Namun, Arafat terus mencampuri setiap masalah dan pergulatan kekuasaan antara kedua pemimpin berlanjut. Akhirnya, Abbas mengundurkan diri dari jabatannya pada 6 September 2003. Selama masa singkat ini ia juga harus berurusan dengan kelompok-kelompok militan Palestina yang lebih menyukai pendekatan garis keras.

Meskipun dia turun dari kantor, tidak ada tantangan untuk kepemimpinannya. Ketika Arafat meninggal pada November 2004, Abbas menjadi pilihan mayoritas. Ia menjadi Ketua PLO dan juga memenangkan pemilihan Presiden, yang diselenggarakan pada 9 Januari 2005, dengan meraih 60% suara.

Sebagai Presiden Otoritas Nasional Palestina, ia menyerukan untuk mengakhiri kekerasan dan menetapkan perlawanan damai. Namun, dia tidak bisa melucuti kelompok-kelompok militan dan dalam tantangan langsung kepada otoritasnya mereka melancarkan serangan pada 12 dan 13 Januari yang menewaskan banyak orang Israel.
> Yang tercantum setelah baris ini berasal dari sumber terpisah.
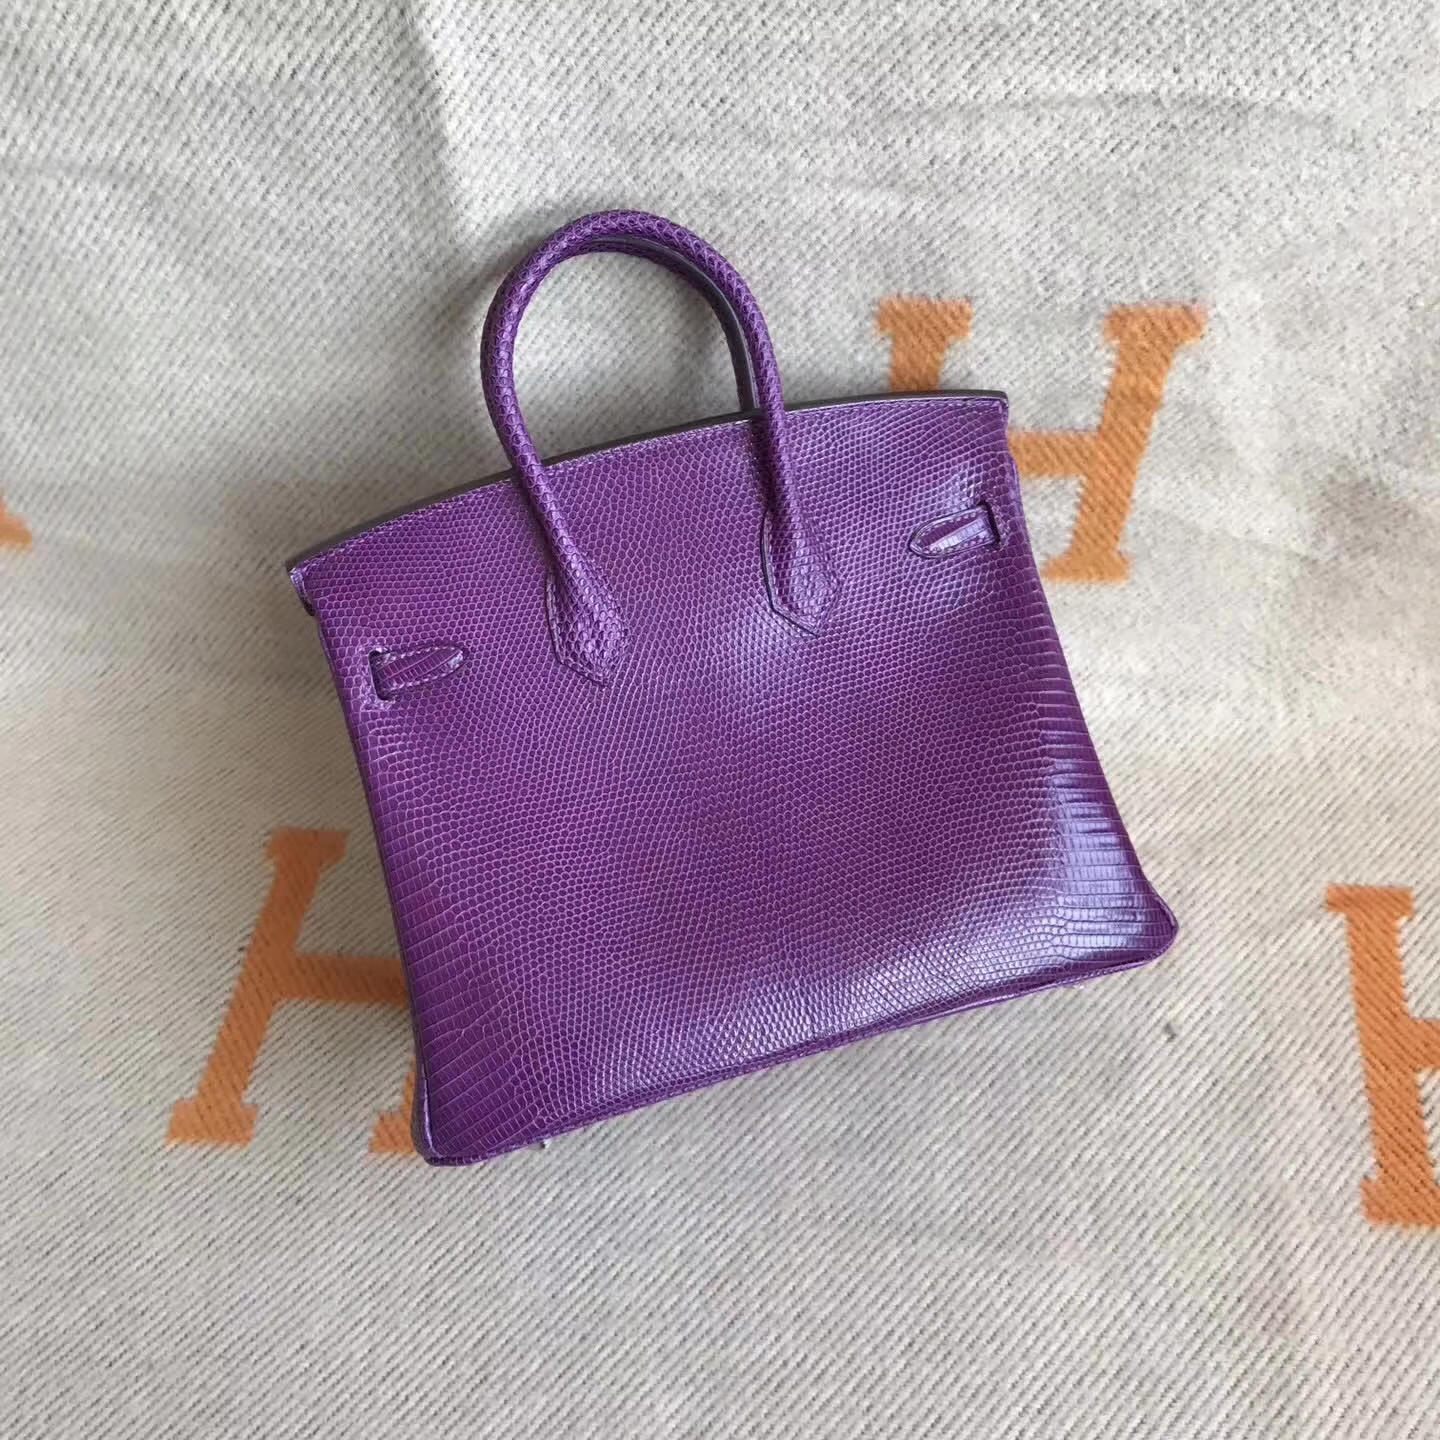 Elegant Hermes 9W Violet  Lizard Leather Birkin30cm Tote Bag Silver Hardware

Akibatnya, otoritas Israel memutuskan hubungan dengan Abbas yang menyatakan bahwa ia sekarang harus menunjukkan hasratnya yang tulus untuk perdamaian dengan mengendalikan elemen-elemen tersebut. Terlepas dari itu Abbas dilantik sebagai Presiden Otoritas Nasional Palestina pada 15 Januari. Upacara diadakan di Ramallah di Tepi Barat.

Dia dihadapkan dengan masalah yang lebih besar setelah pemilihan legislatif, yang diadakan pada 25 Januari 2006. Di dalamnya, para kandidat yang didukung oleh kelompok militan Hamas memenangkan kursi mayoritas. Pemerintahan koalisi Fatah-Hamas berumur pendek dibentuk. Namun kekerasan terus menyebar.

Masa jabatan Abbas sebagai Presiden berakhir pada tanggal 9 Januari 2009. Namun, ia memperpanjang masa jabatan selama satu tahun dan terus melakukannya dengan menyatakan Hukum Dasar memberinya hak. Meskipun Hamas membantah klaim tersebut di awal, pada Mei 2011, ia diterima sebagai pemimpin pemerintahan sementara.

Pada 2010, ia berpartisipasi dalam putaran lain pembicaraan damai dengan Israel, tetapi gagal. Dia selanjutnya berkonsentrasi untuk mendapatkan pengakuan internasional untuk Palestina. Pada September 2011, ia mengajukan permintaan untuk masuk Palestina di PBB sebagai negara merdeka; sebuah langkah yang ditentang oleh AS dan Israel.

Ketika tidak ada yang keluar dari permintaan tersebut, Abbas selanjutnya mengajukan rancangan resolusi kepada majelis umum, yang meminta peningkatan status Misi Palestina di dalam PBB dari Pengamat Permanen menjadi Negara Pengamat Nonmember.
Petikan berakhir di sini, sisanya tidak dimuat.